_EXERCISE_
Using the data below, reproduce exactly the lines from the line with "Rancho, the sunnies" to the line with "Crocs™ Swiftwater Seasonal", both included; pictures must be dropped.

_GIVEN RECORDS_
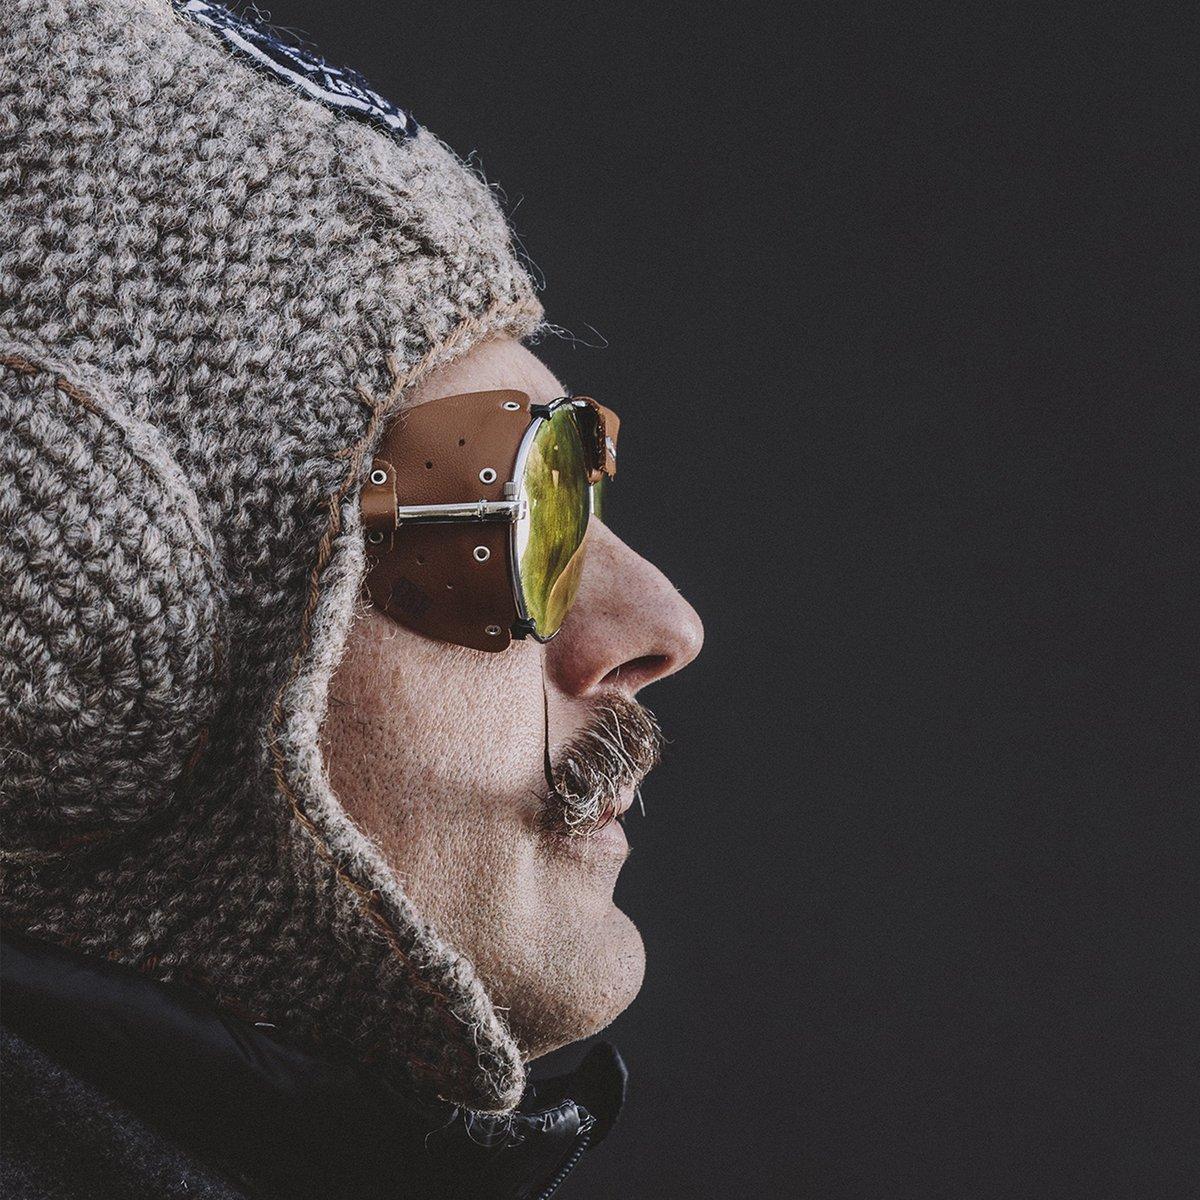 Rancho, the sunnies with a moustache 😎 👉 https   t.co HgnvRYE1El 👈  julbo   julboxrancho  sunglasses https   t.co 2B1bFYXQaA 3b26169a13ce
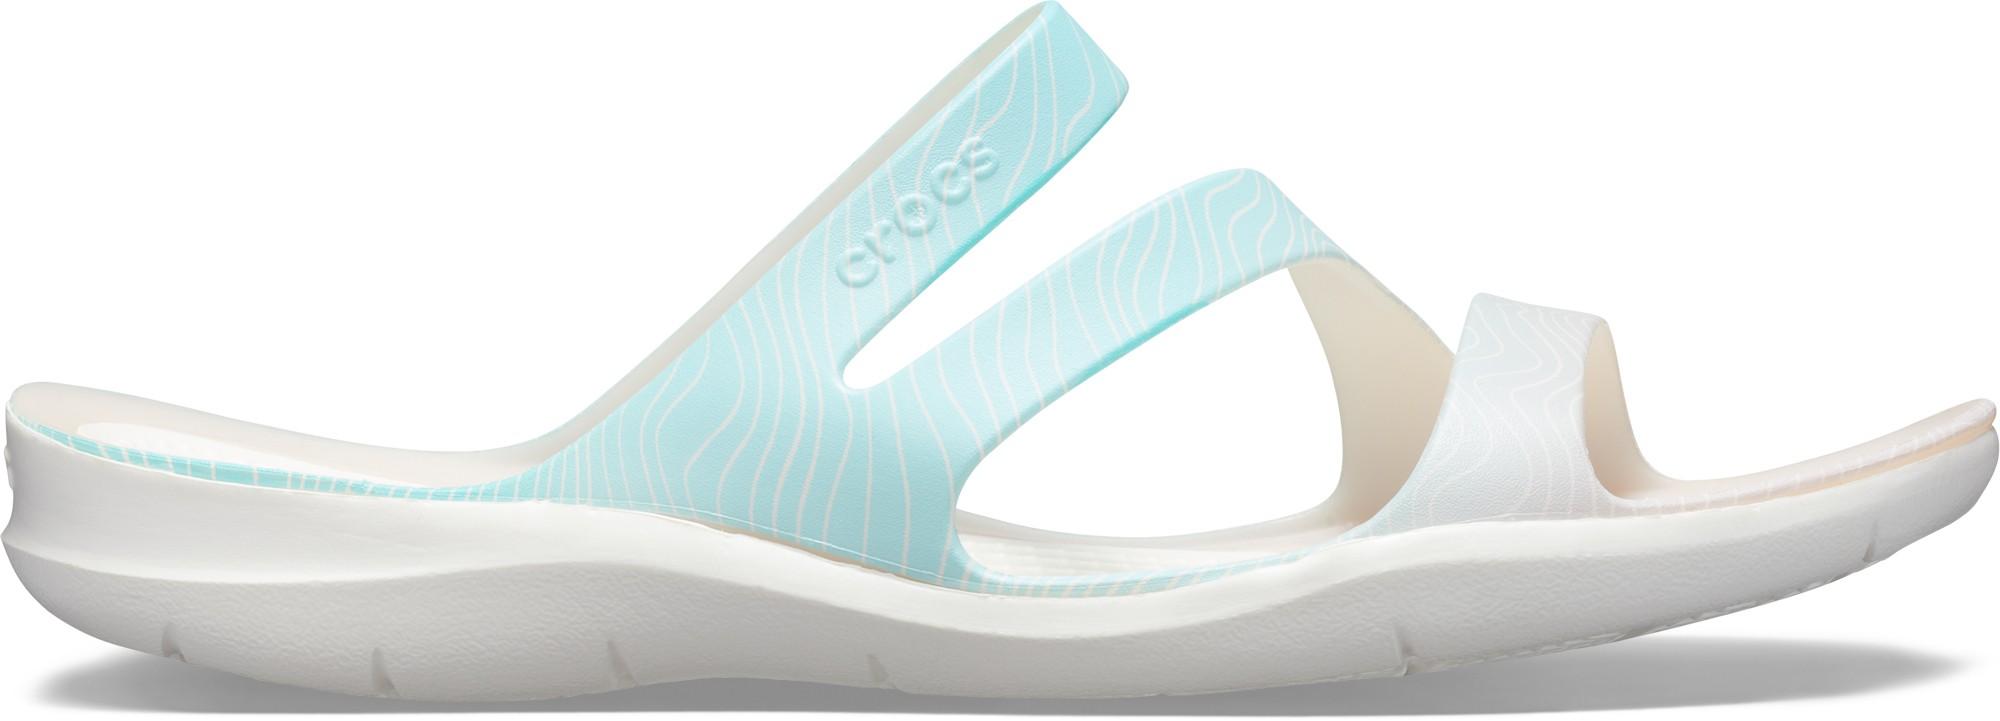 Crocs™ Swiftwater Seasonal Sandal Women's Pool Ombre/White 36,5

* * *

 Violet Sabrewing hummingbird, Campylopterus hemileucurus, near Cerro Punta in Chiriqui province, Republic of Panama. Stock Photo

...

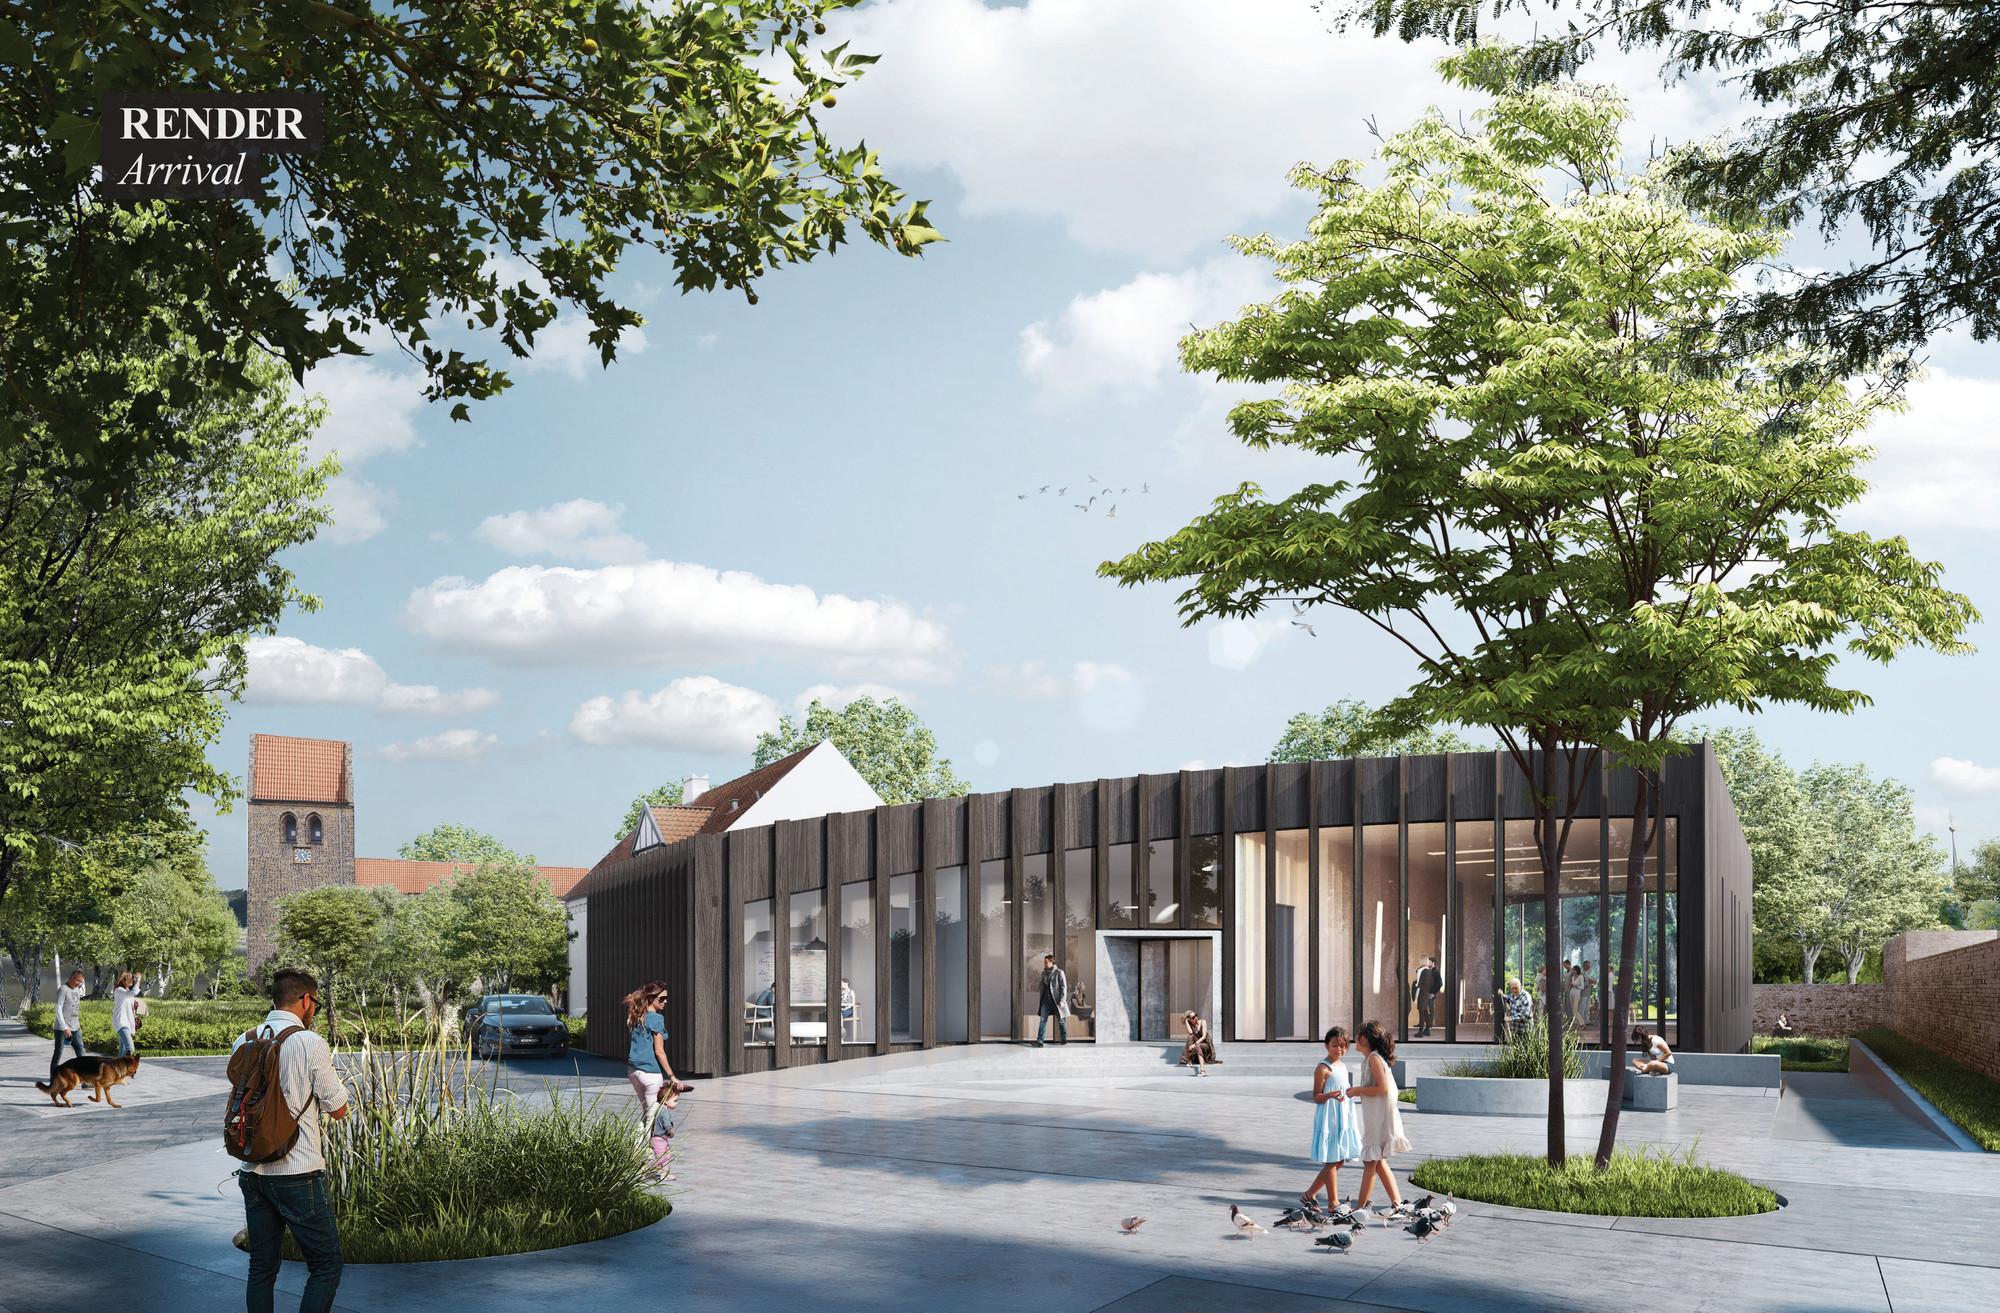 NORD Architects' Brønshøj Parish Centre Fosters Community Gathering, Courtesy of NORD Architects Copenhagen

_ANSWER SPACE_
 Rancho, the sunnies with a moustache 😎 👉 https   t.co HgnvRYE1El 👈  julbo   julboxrancho  sunglasses https   t.co 2B1bFYXQaA 3b26169a13ce
 Crocs™ Swiftwater Seasonal Sandal Women's Pool Ombre/White 36,5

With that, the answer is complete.